In this review, we’ll show you how it works and provide some examples of its tantalizing appearance.

A peek behind

The Lock screen is like the cover of a book; it’s the first thing you see every time you go to unlock your device. It’s also the layer of security between your device and any unwanted hands.

Out of the box, you can configure your Lock screen can have either the same or a different wallpaper from your Home screen. The wallpaper is opaque, and there’s no way to see through it. On the other hand, when you unlock your device, everything you can do with it comes into focus.

LockShot changes the way you look at your Lock screen by treating it more like a frosted window into your device. The tweak gives you a sneak peak at what is waiting for you just after you unlock your device, but it’s blurred heavily enough that you can’t actually make out any text or personal information.

In this example, we see the Home screen underneath the Lock screen’s blur:

You can see the colors of the Home screen apps just hiding behind that frosted glass effect, but it’s not clear enough that you can make out any text or important details.

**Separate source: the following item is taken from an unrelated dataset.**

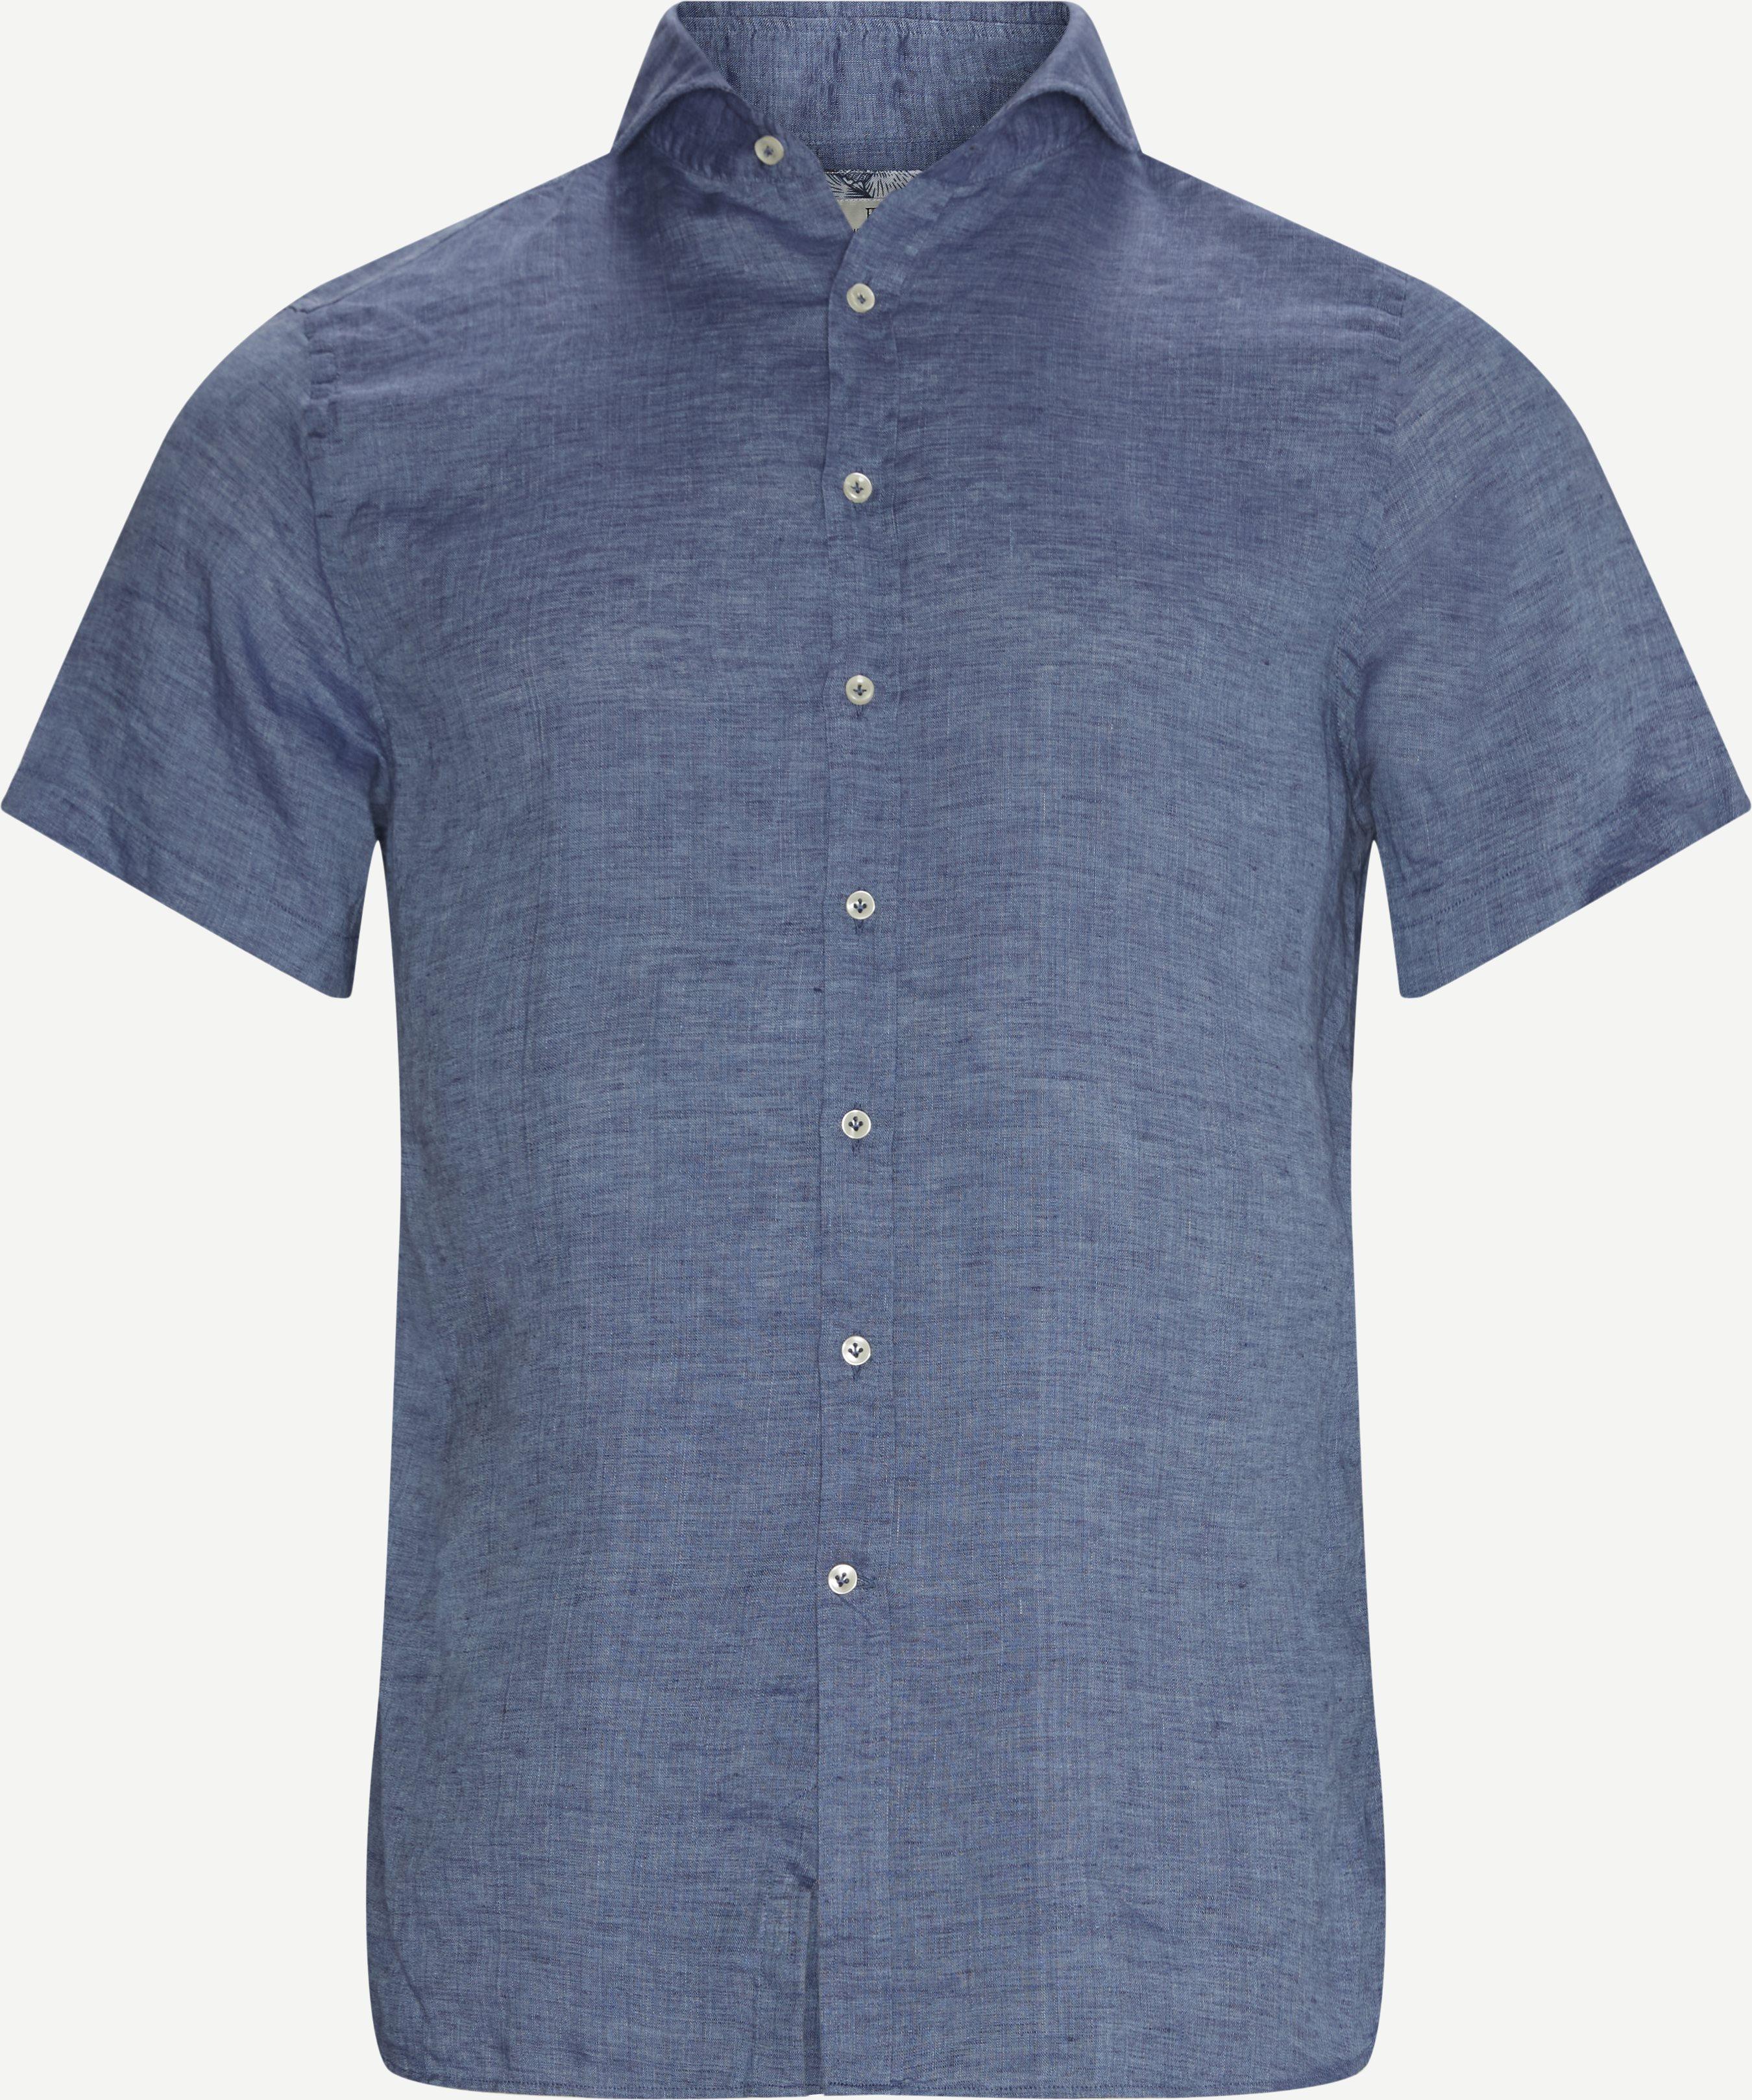 Einfarbige hemden - Regular - Blau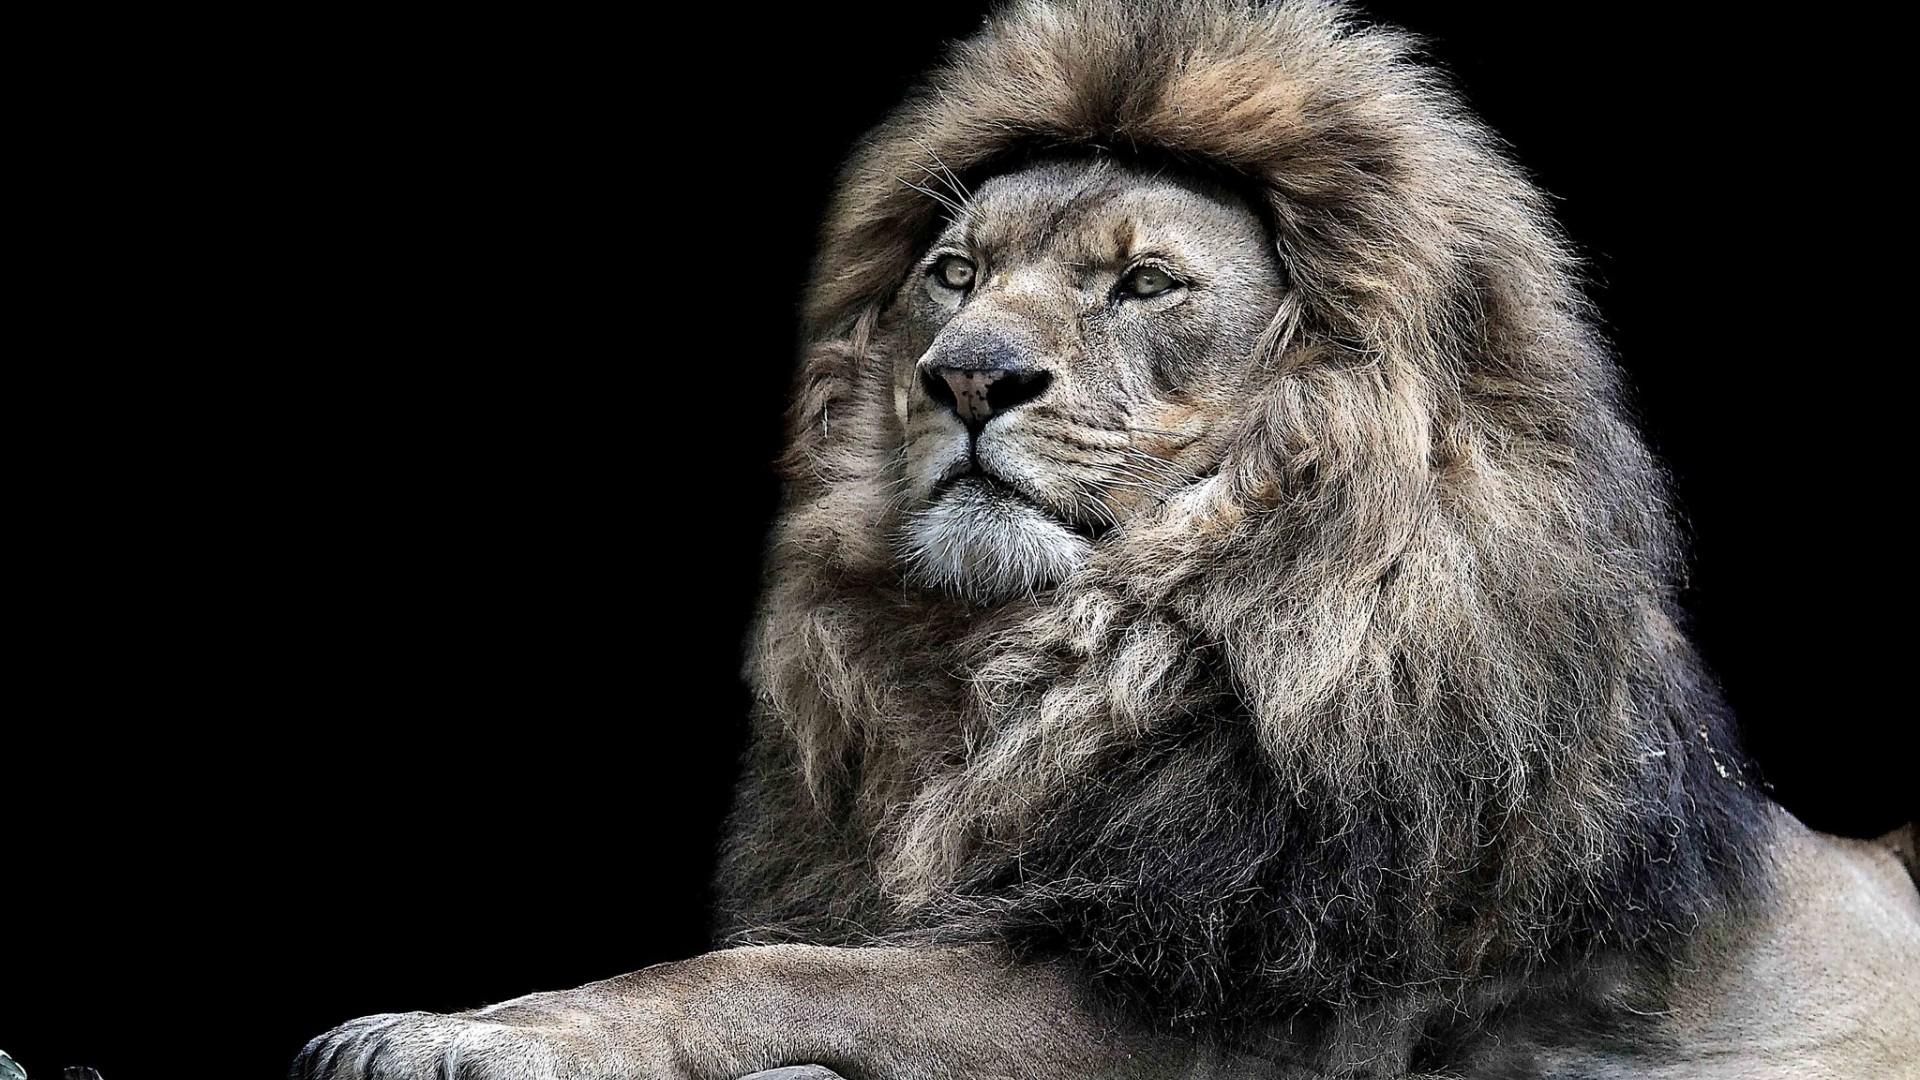 Monochrome lion hd animals 4k wallpapers images - Lion 4k wallpaper for mobile ...

Below, we have an example of the Weather app hiding behind the Lock screen:

The same aesthetic applies. Here’s yet another example, this time with Cydia:

Configuring LockShot

The tweak will also add a preferences pane to the Settings app, letting you configure the tweak however you might like to:

Among the things you can do here are:

Enable or disable the tweak on demand

Enable or disable the zoom animation when unlocking your device

Configure the custom blur radius that you want

Enable a color tint effect

Choose the tint color you want to use

Respring your device to save your settings

My thoughts on LockShot

I really like what I’m calling the “frosted window” effect, and I’m not really into any of the color tinting options, but I do know that there are some people out there who may feel a little uneasy about giving anyone the chance at all to peer into what might be behind the Lock screen.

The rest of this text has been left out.